THE DATA:
_ _ _ _

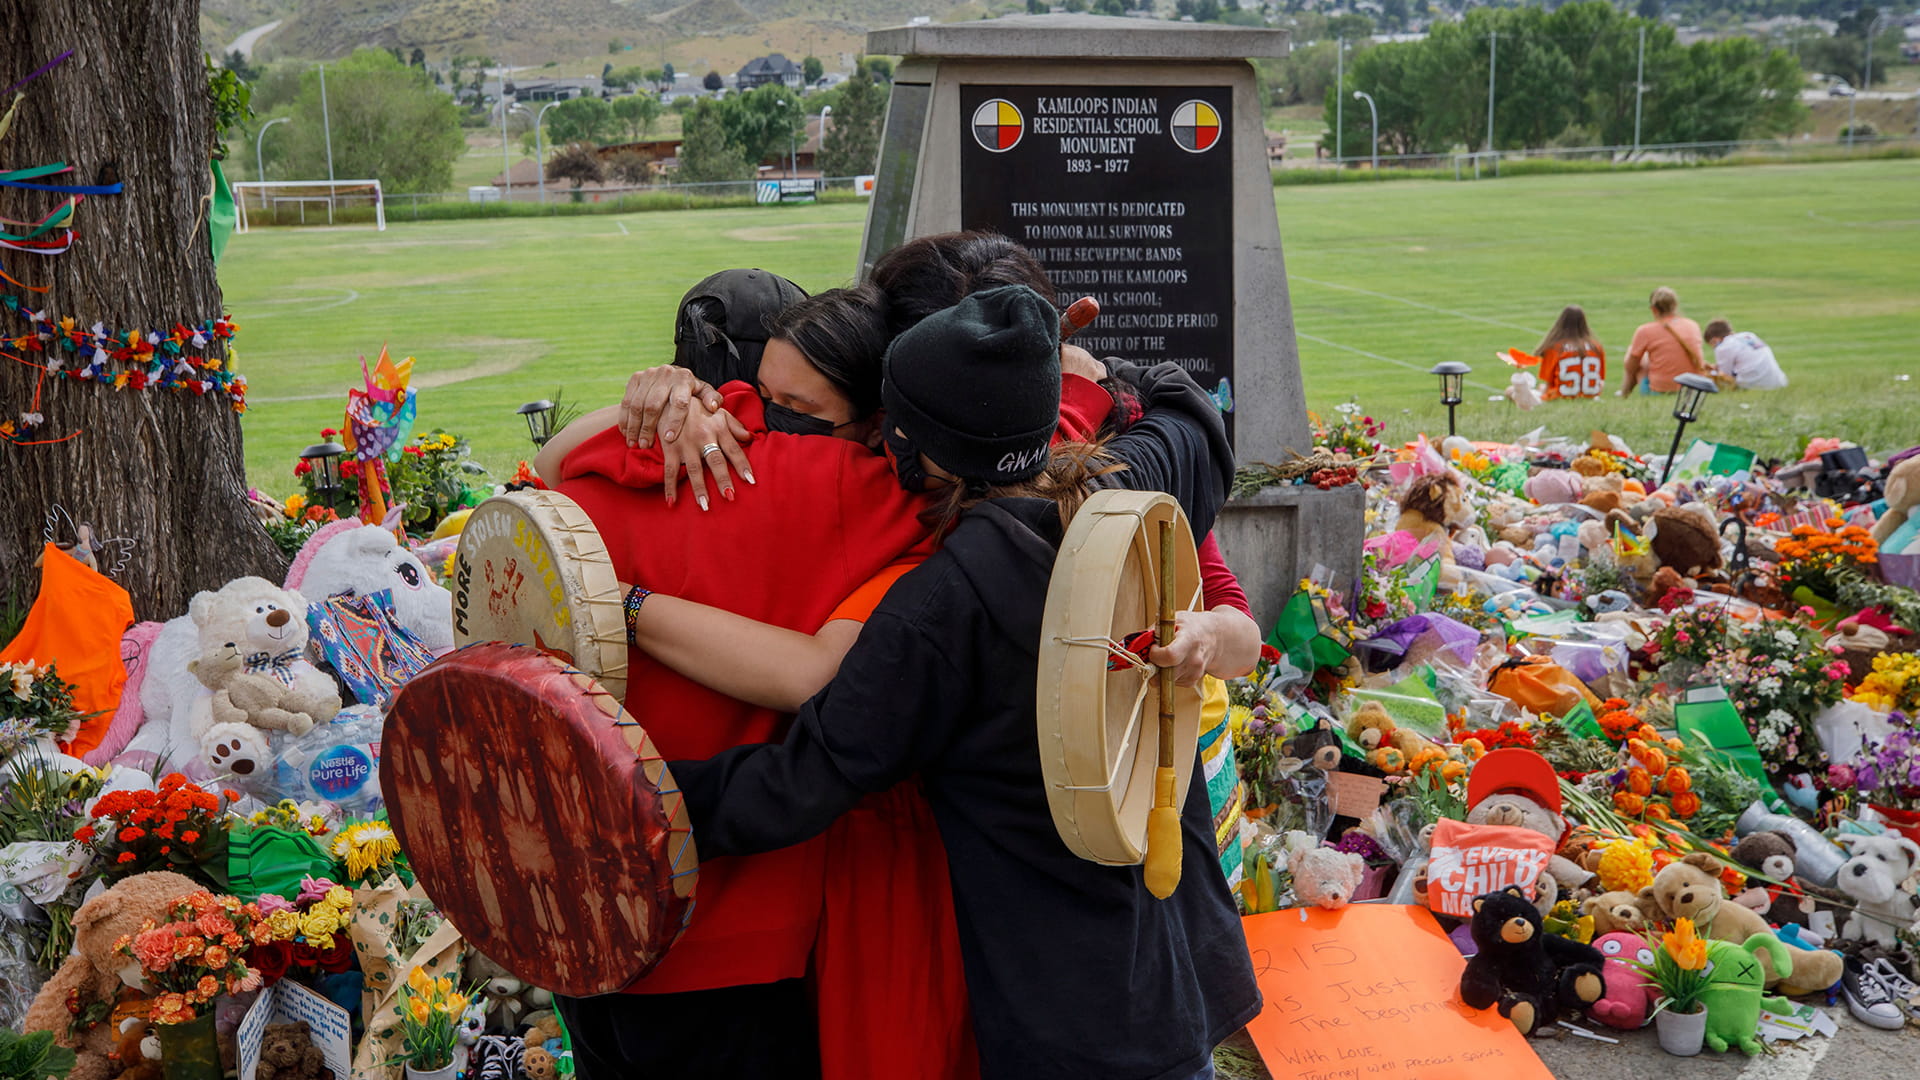 Group of people hugging one another at Native American Boarding School memorial
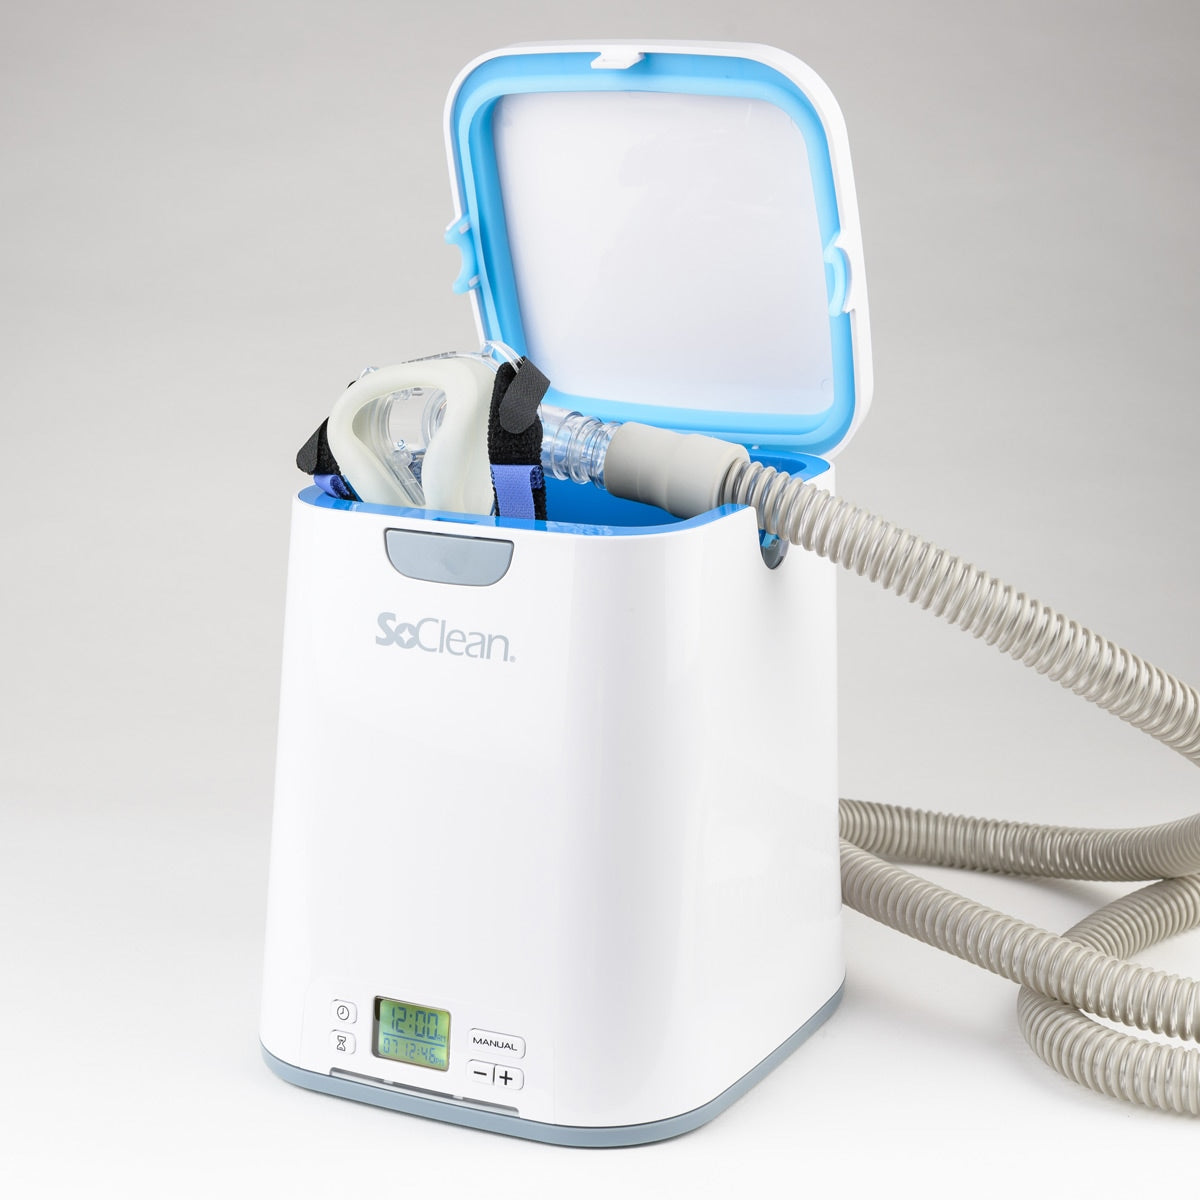 SoClean 2 CPAP/BiPAP Cleaner & Sanitizer - DISCONTINUED
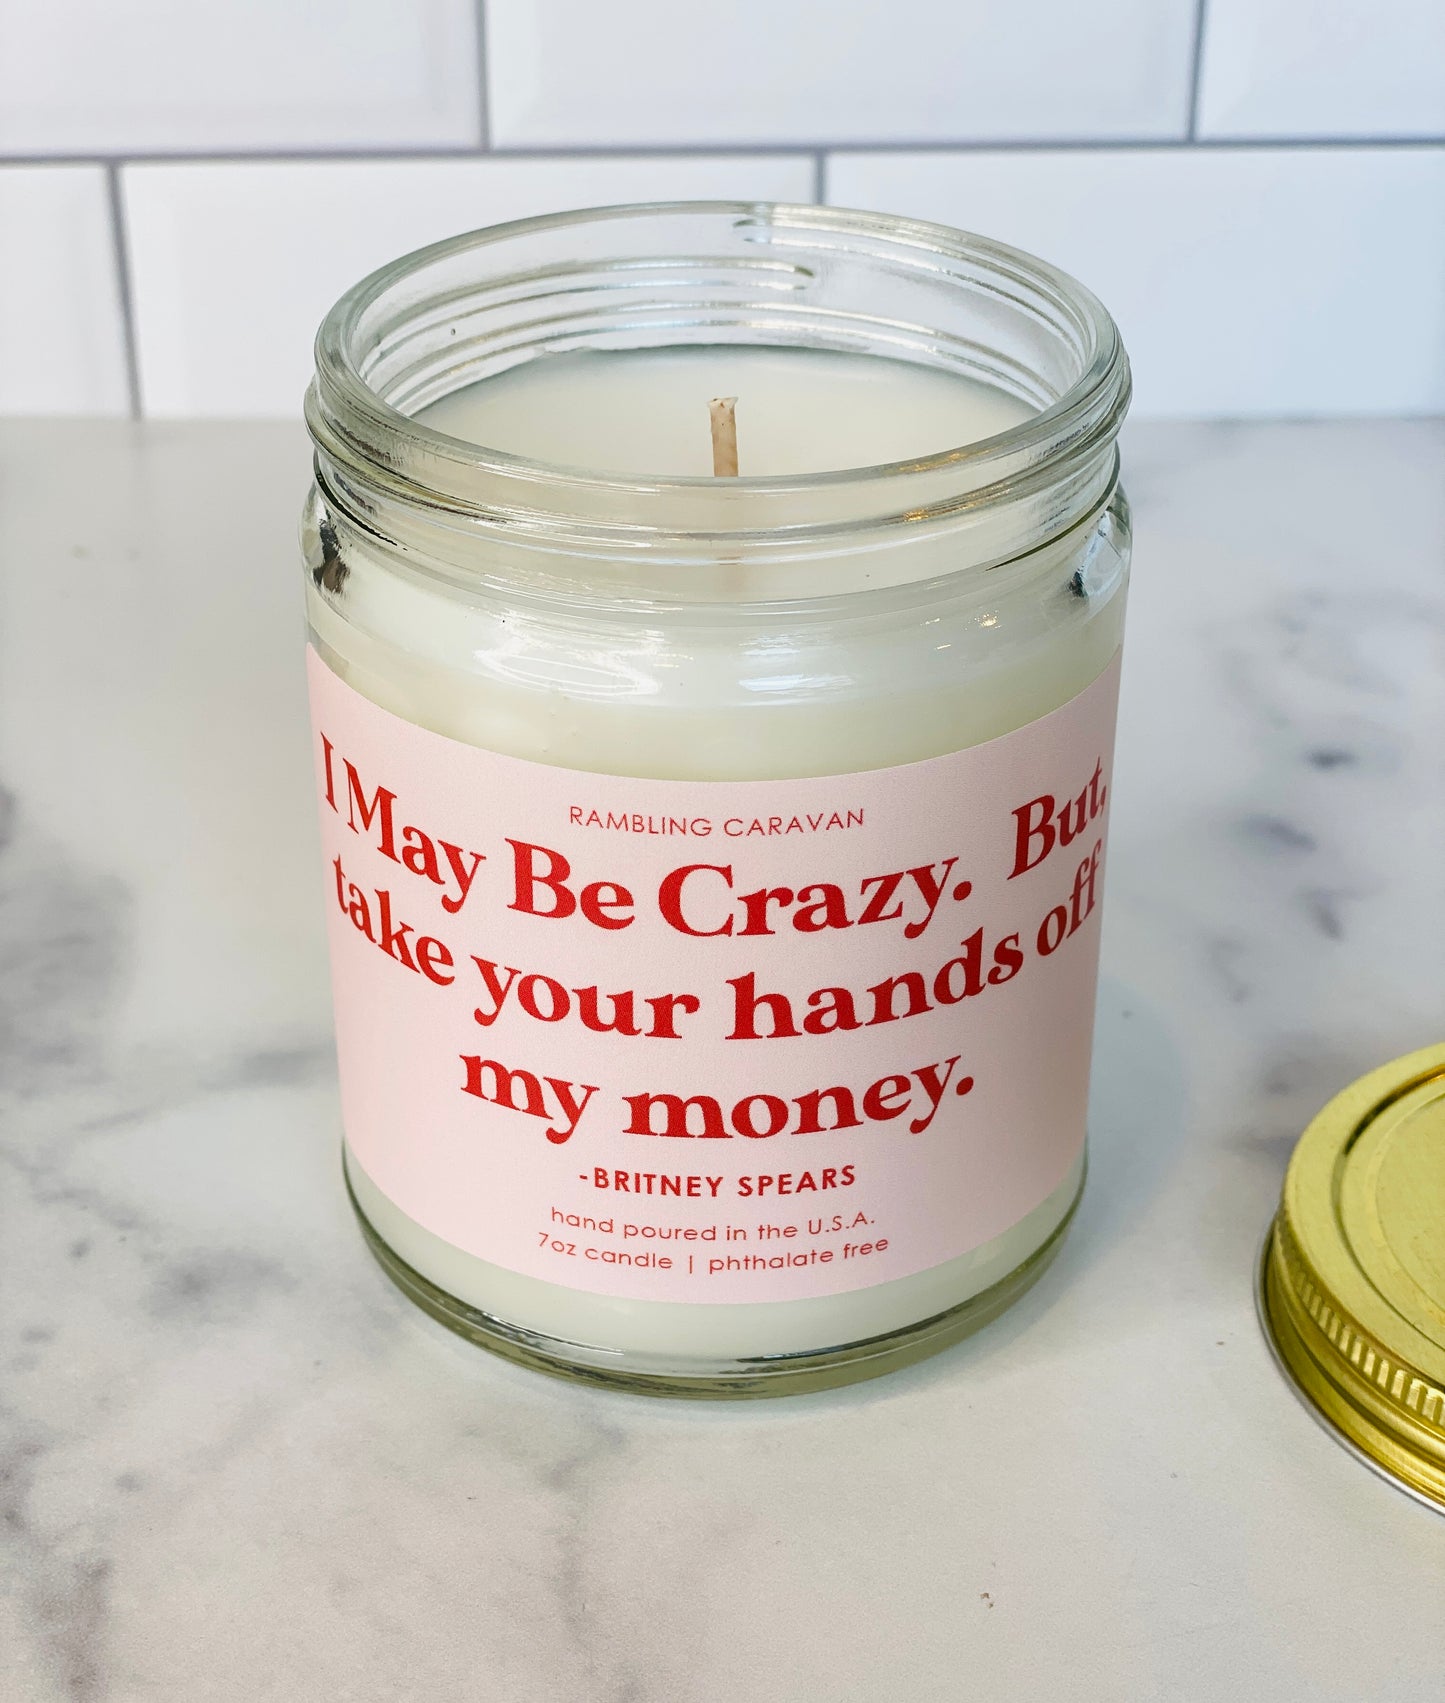 I May Be Crazy. But, take your hands off my money Candle
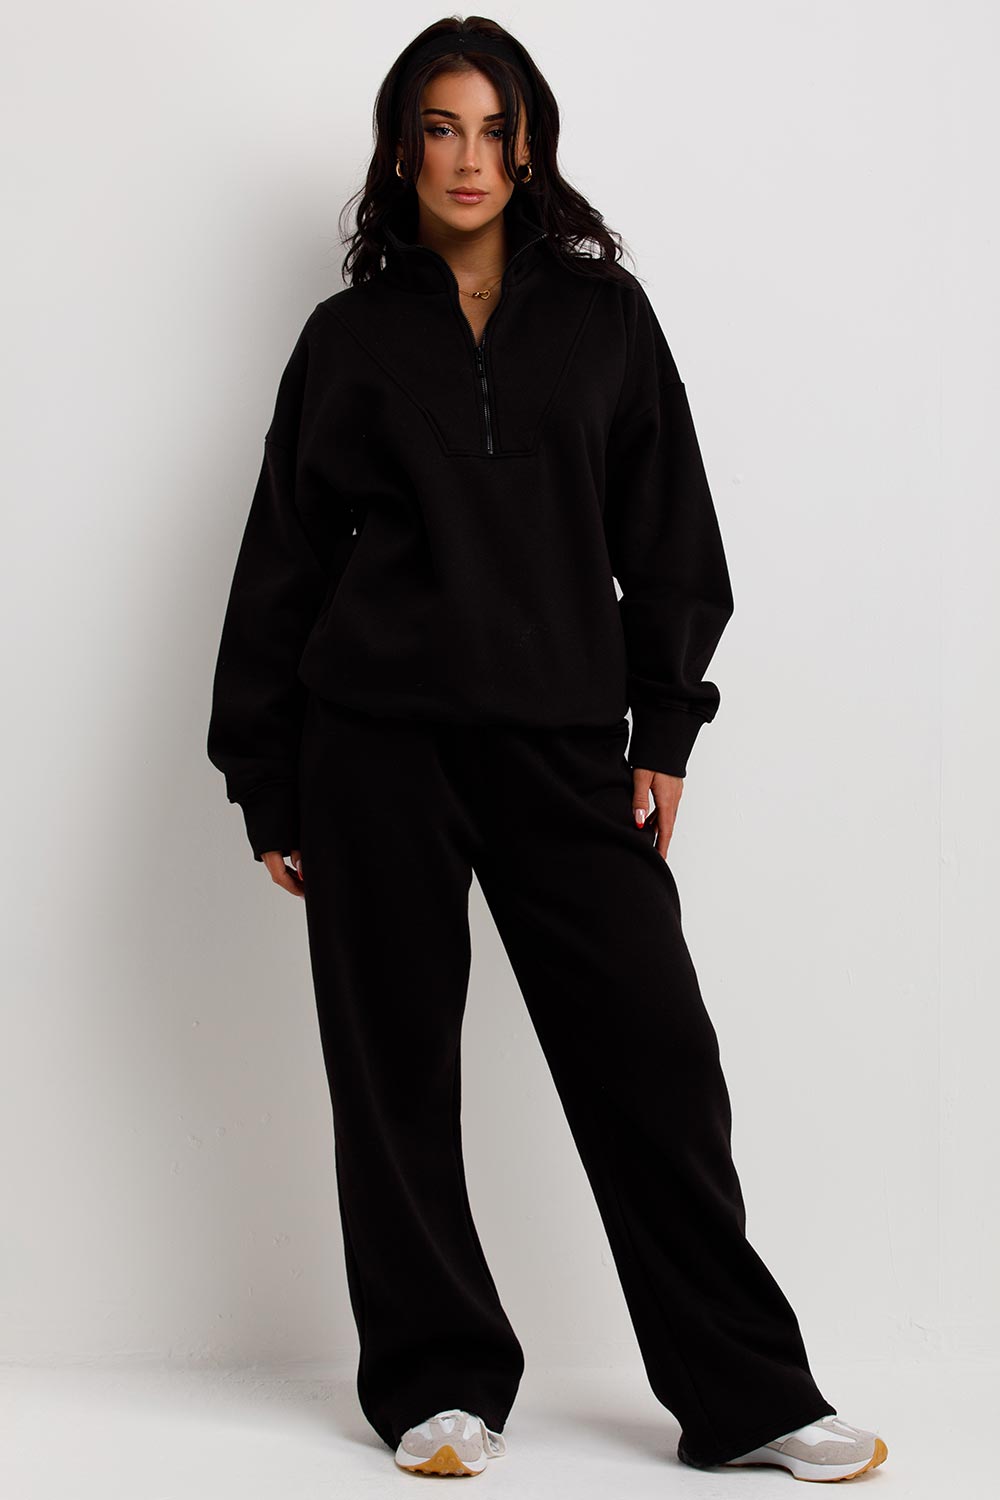 womens loungewear co ord black wide leg joggers and half zip sweatshirt airport outfit

_ _ _ _

WHAT THE TASK ASKS: Retype the data above in full, exactly as it stands, and skip any image.

ANSWER SECTION:
 Group of people hugging one another at Native American Boarding School memorial
 SoClean 2 CPAP/BiPAP Cleaner & Sanitizer - DISCONTINUED
 I May Be Crazy. But, take your hands off my money Candle
 womens loungewear co ord black wide leg joggers and half zip sweatshirt airport outfit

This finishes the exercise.